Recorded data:
BEGIN

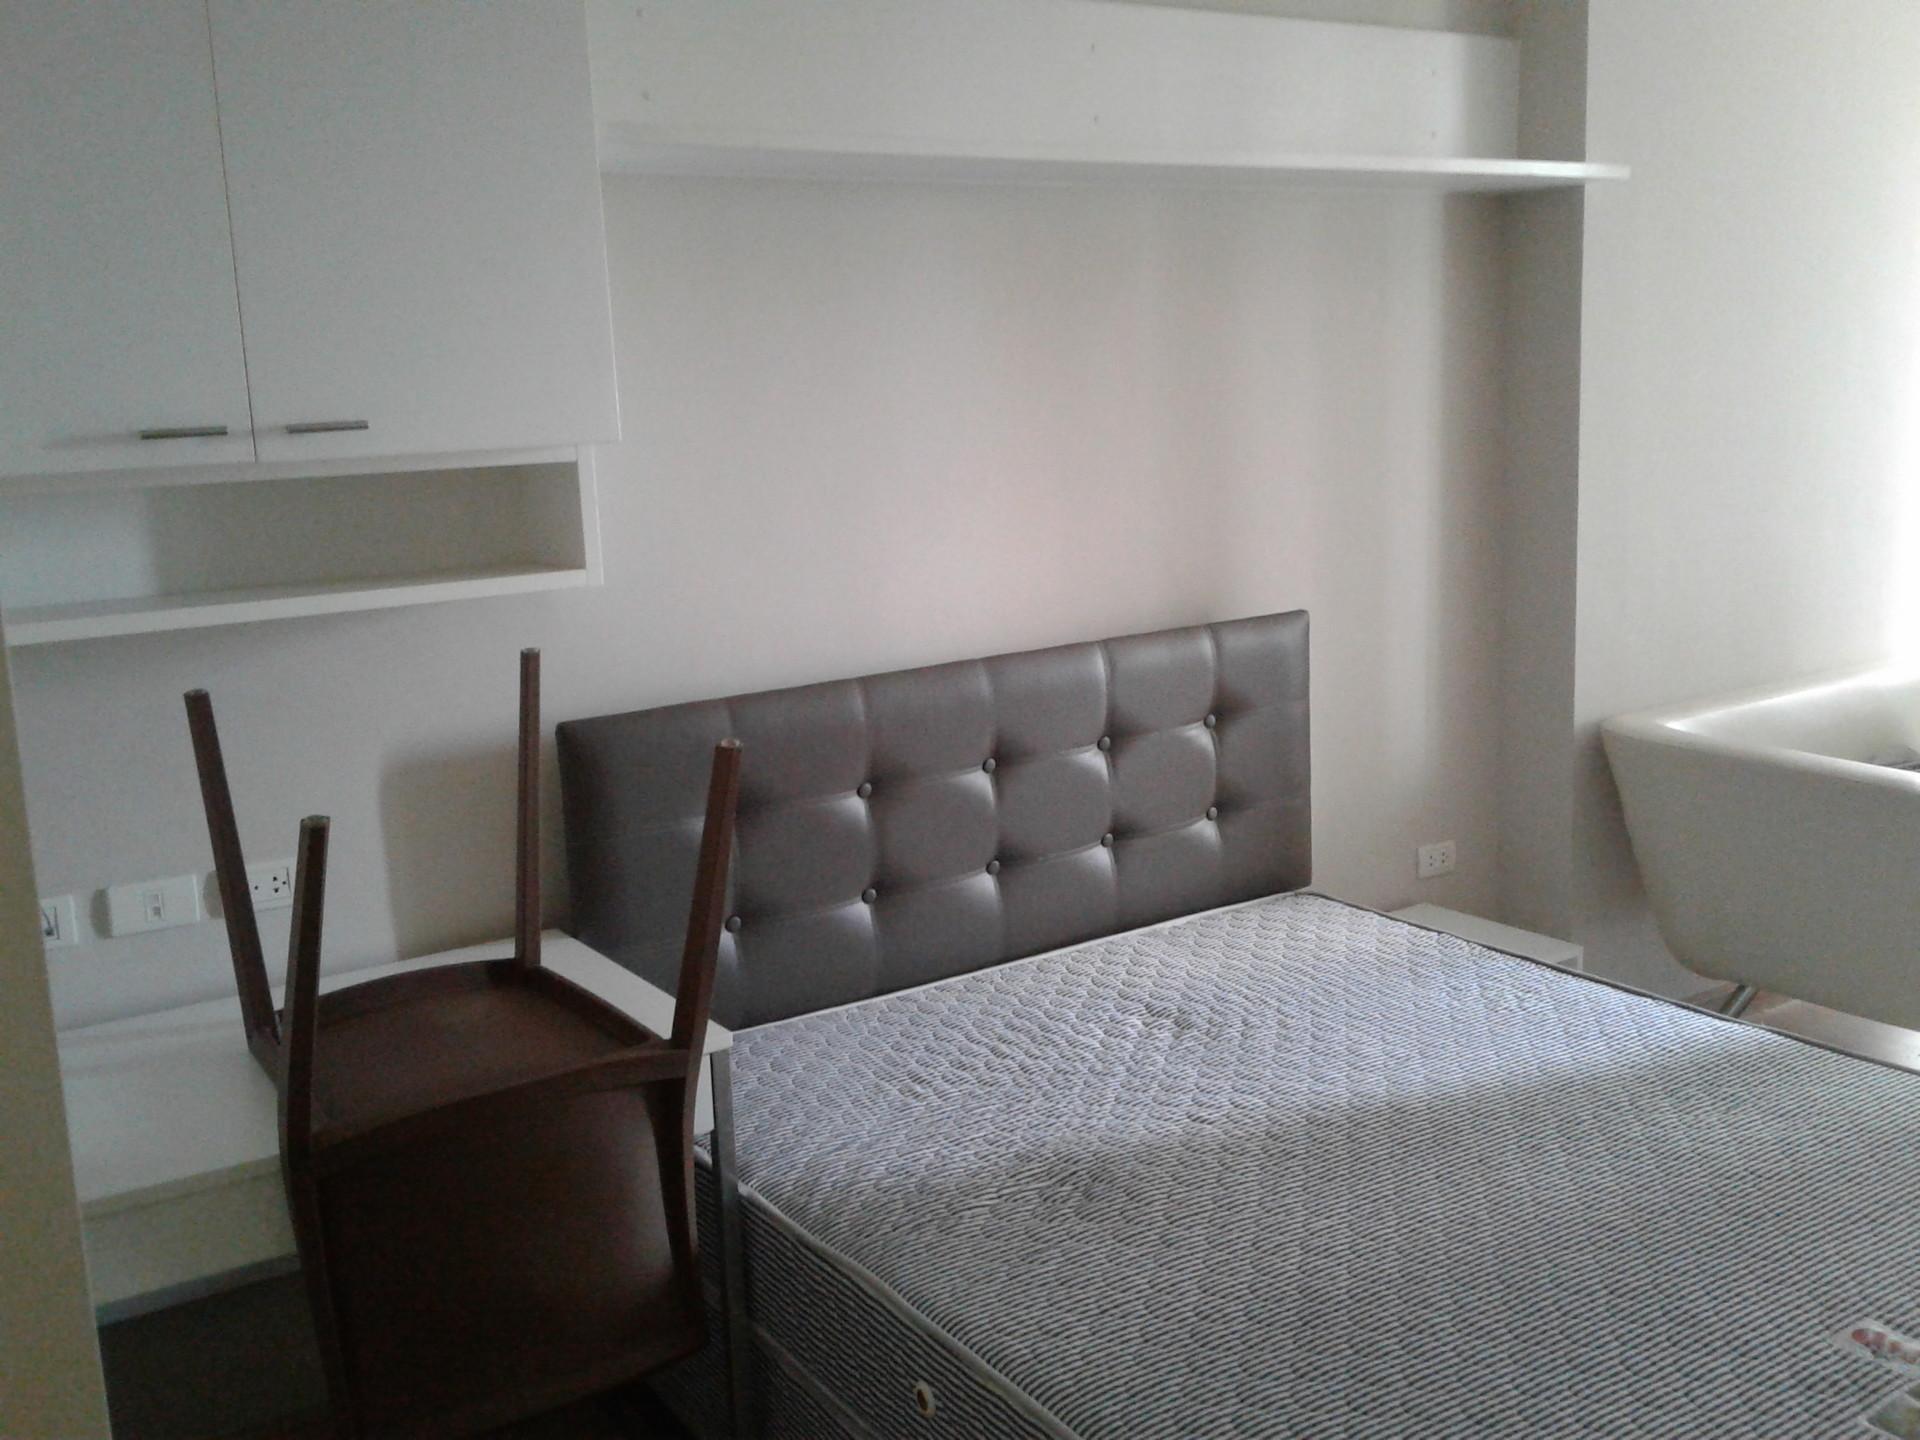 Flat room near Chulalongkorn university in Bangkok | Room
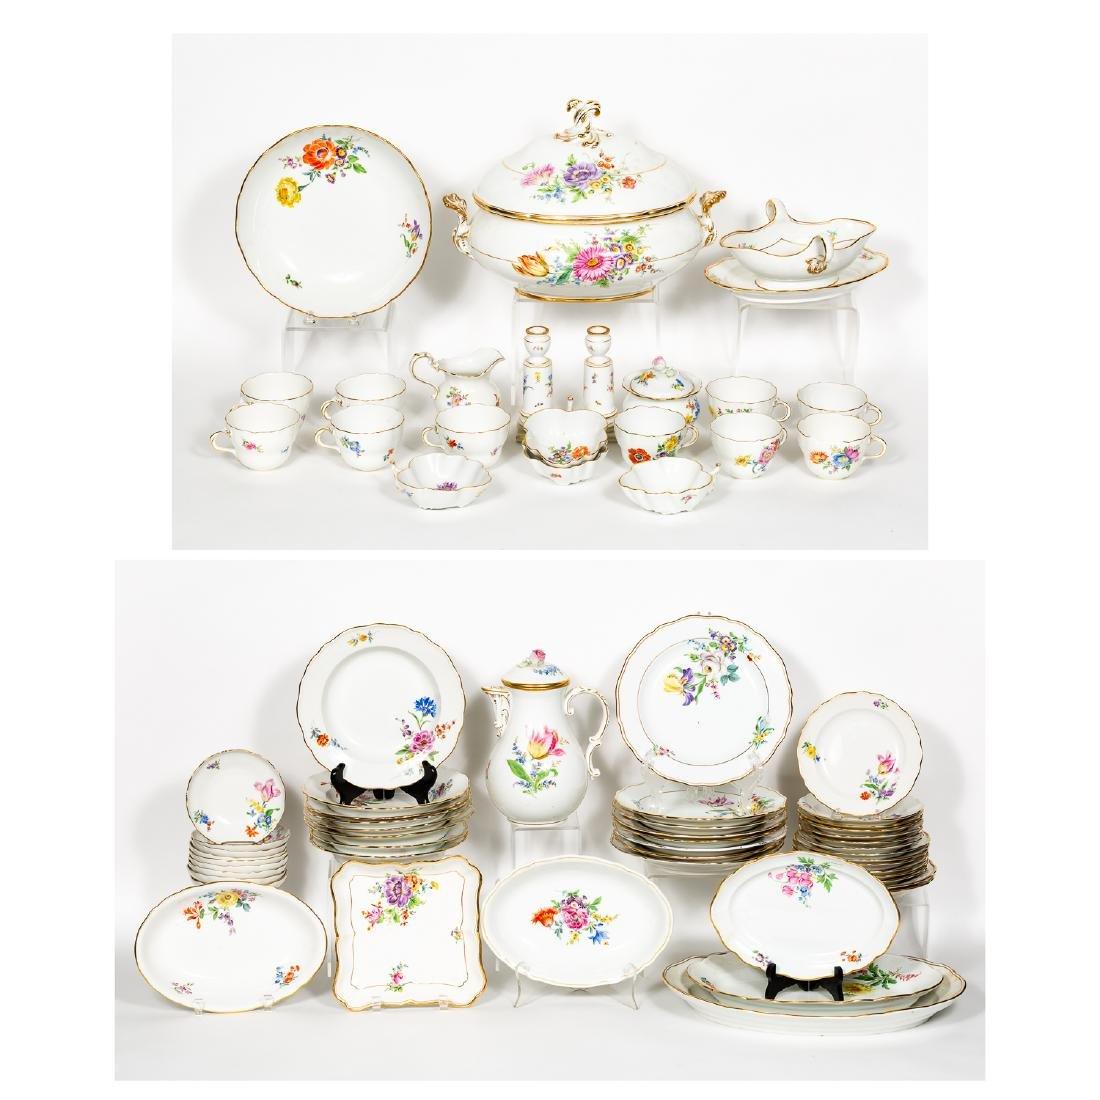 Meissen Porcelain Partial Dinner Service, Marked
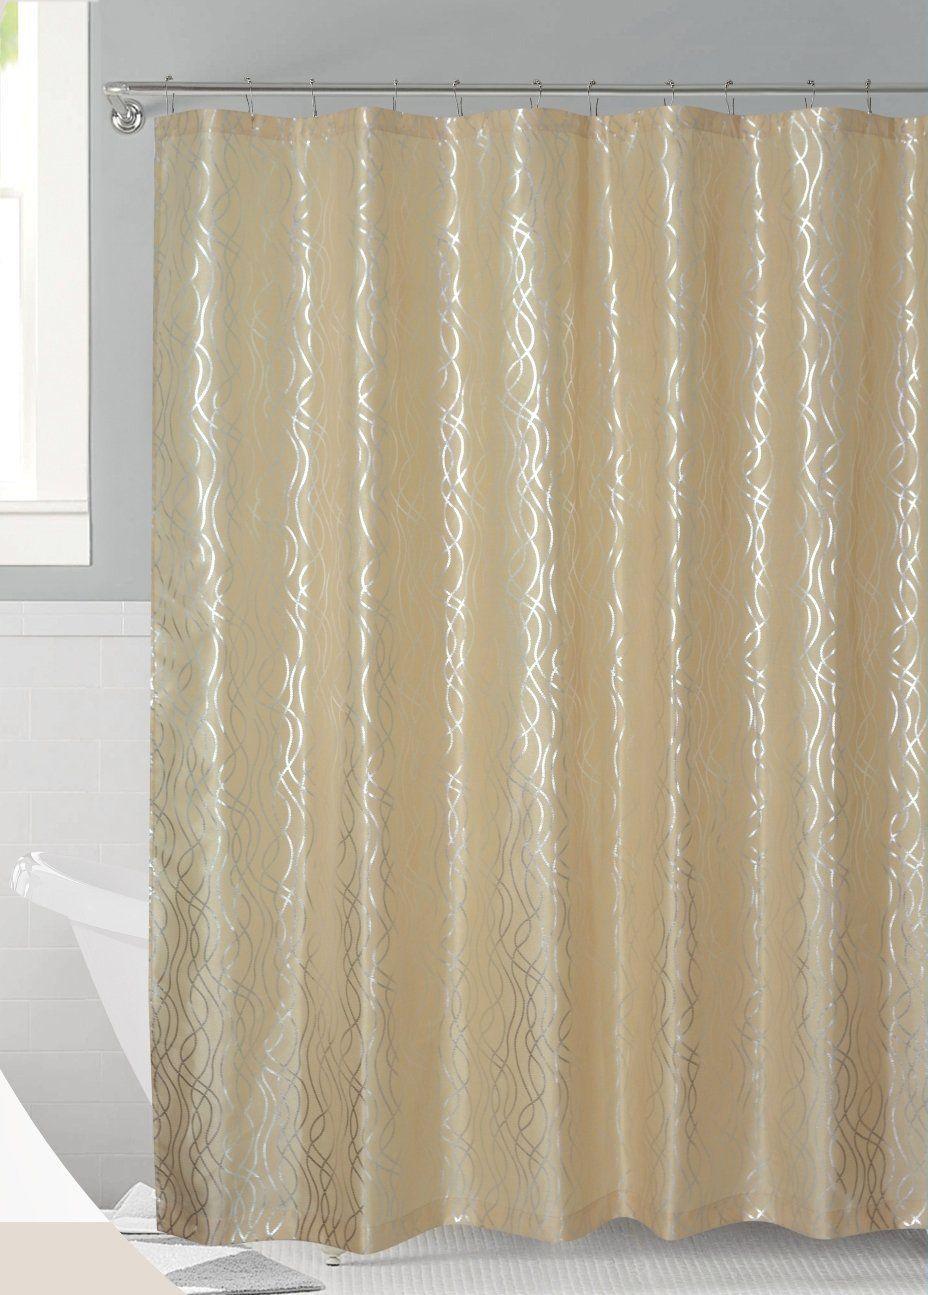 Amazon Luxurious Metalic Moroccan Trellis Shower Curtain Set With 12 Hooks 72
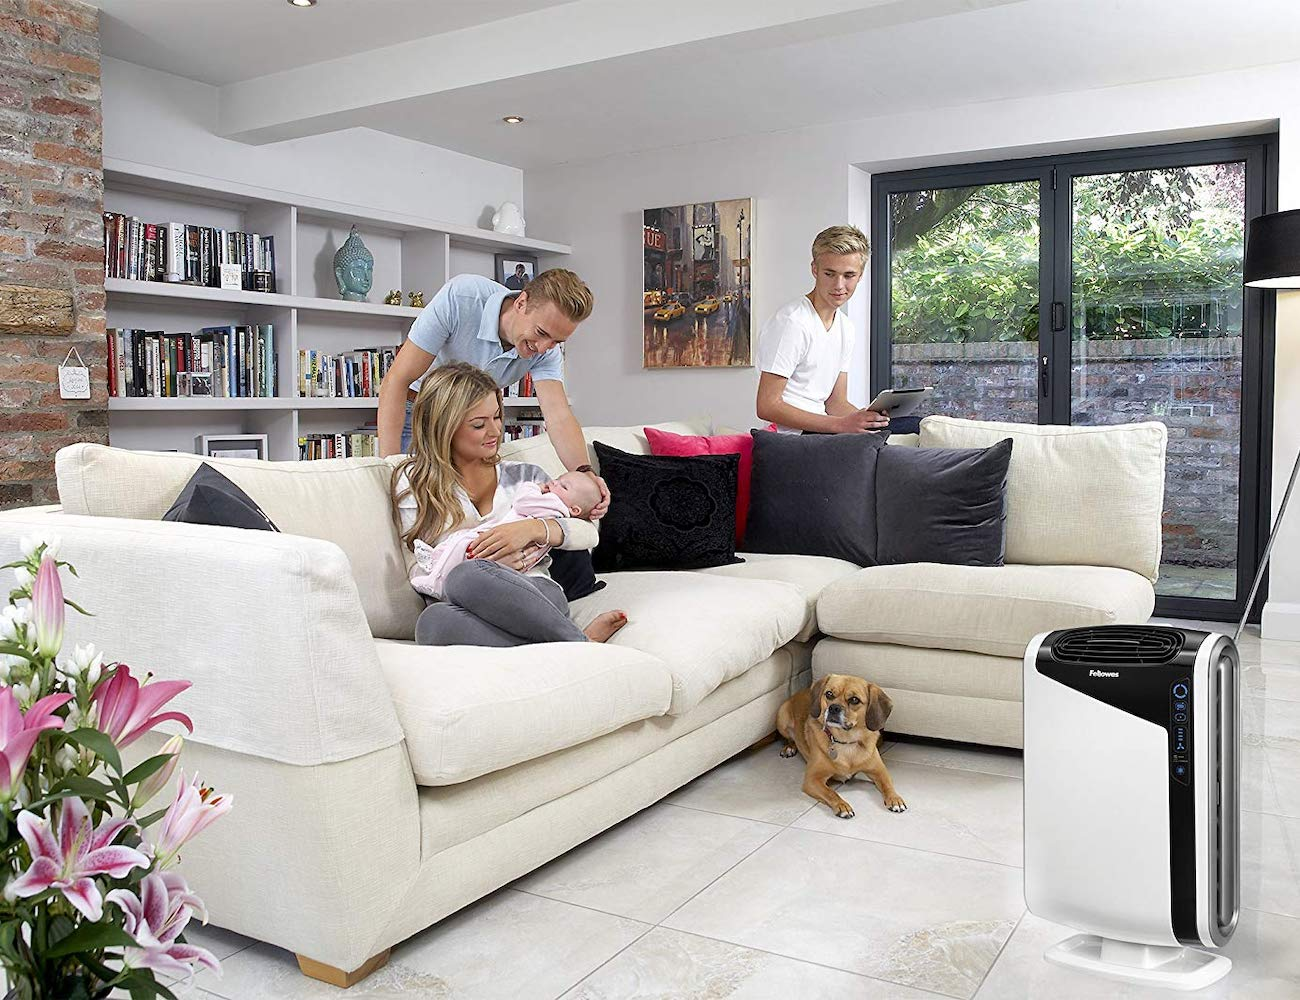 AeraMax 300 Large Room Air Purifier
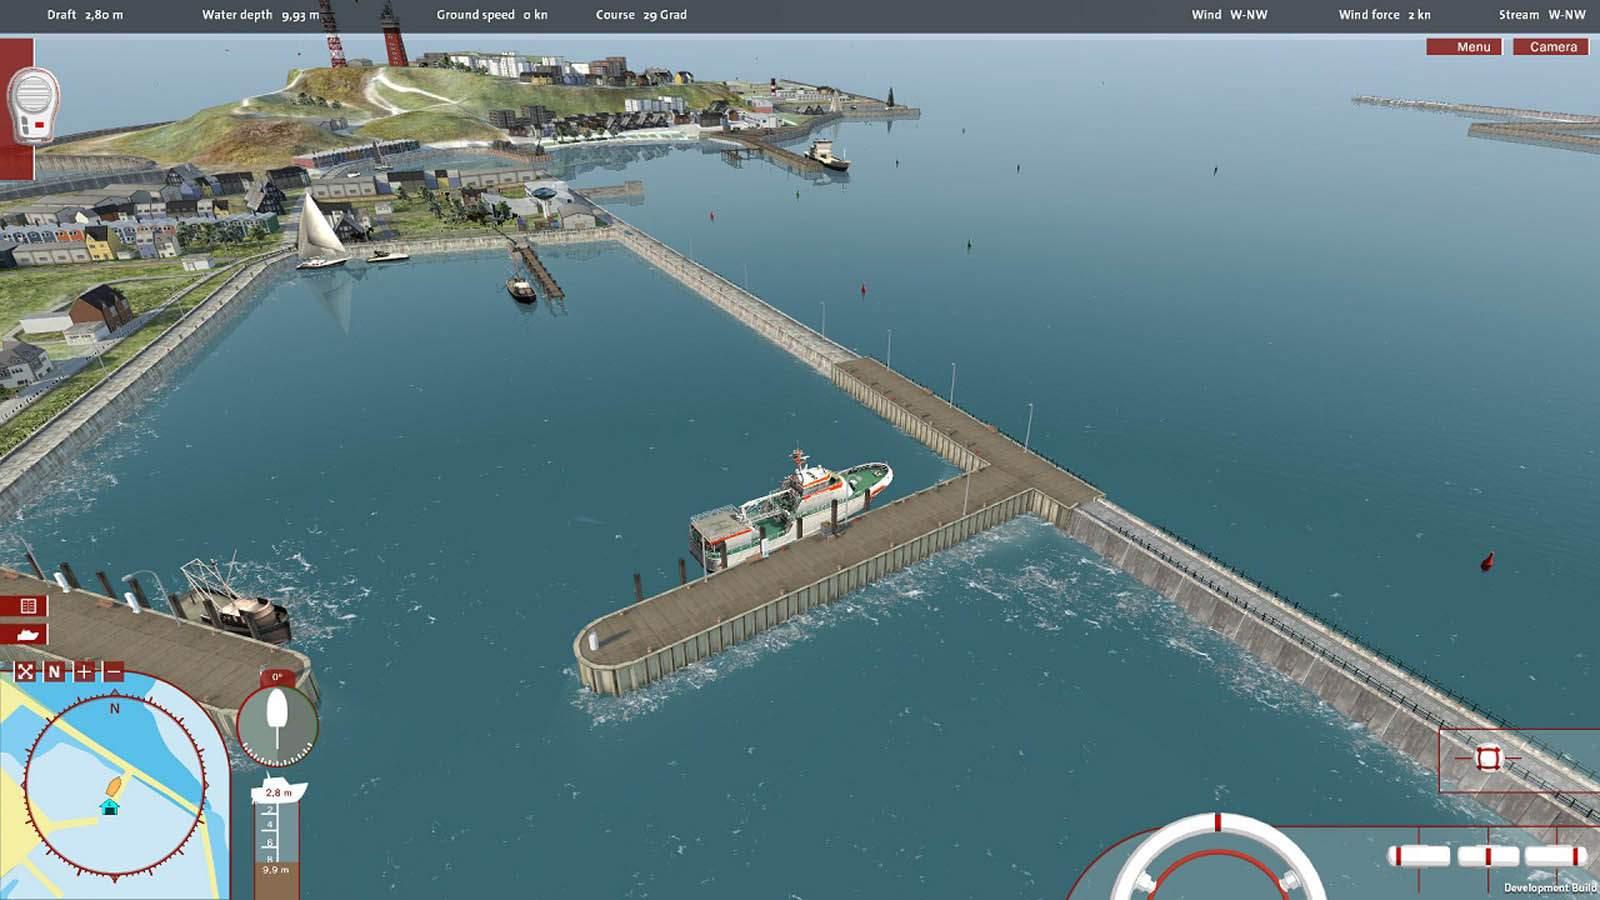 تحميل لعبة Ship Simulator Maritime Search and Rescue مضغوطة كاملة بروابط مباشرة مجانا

END

:: WORK REQUIRED ::
What is needed is an exact restatement of the lines from the line with "Meissen Porcelain Partial" through the final line of the data, pictures excluded.

:: SOLUTION FOR THIS PROBLEM ::
 Meissen Porcelain Partial Dinner Service, Marked
 Amazon Luxurious Metalic Moroccan Trellis Shower Curtain Set With 12 Hooks 72
 AeraMax 300 Large Room Air Purifier
 تحميل لعبة Ship Simulator Maritime Search and Rescue مضغوطة كاملة بروابط مباشرة مجانا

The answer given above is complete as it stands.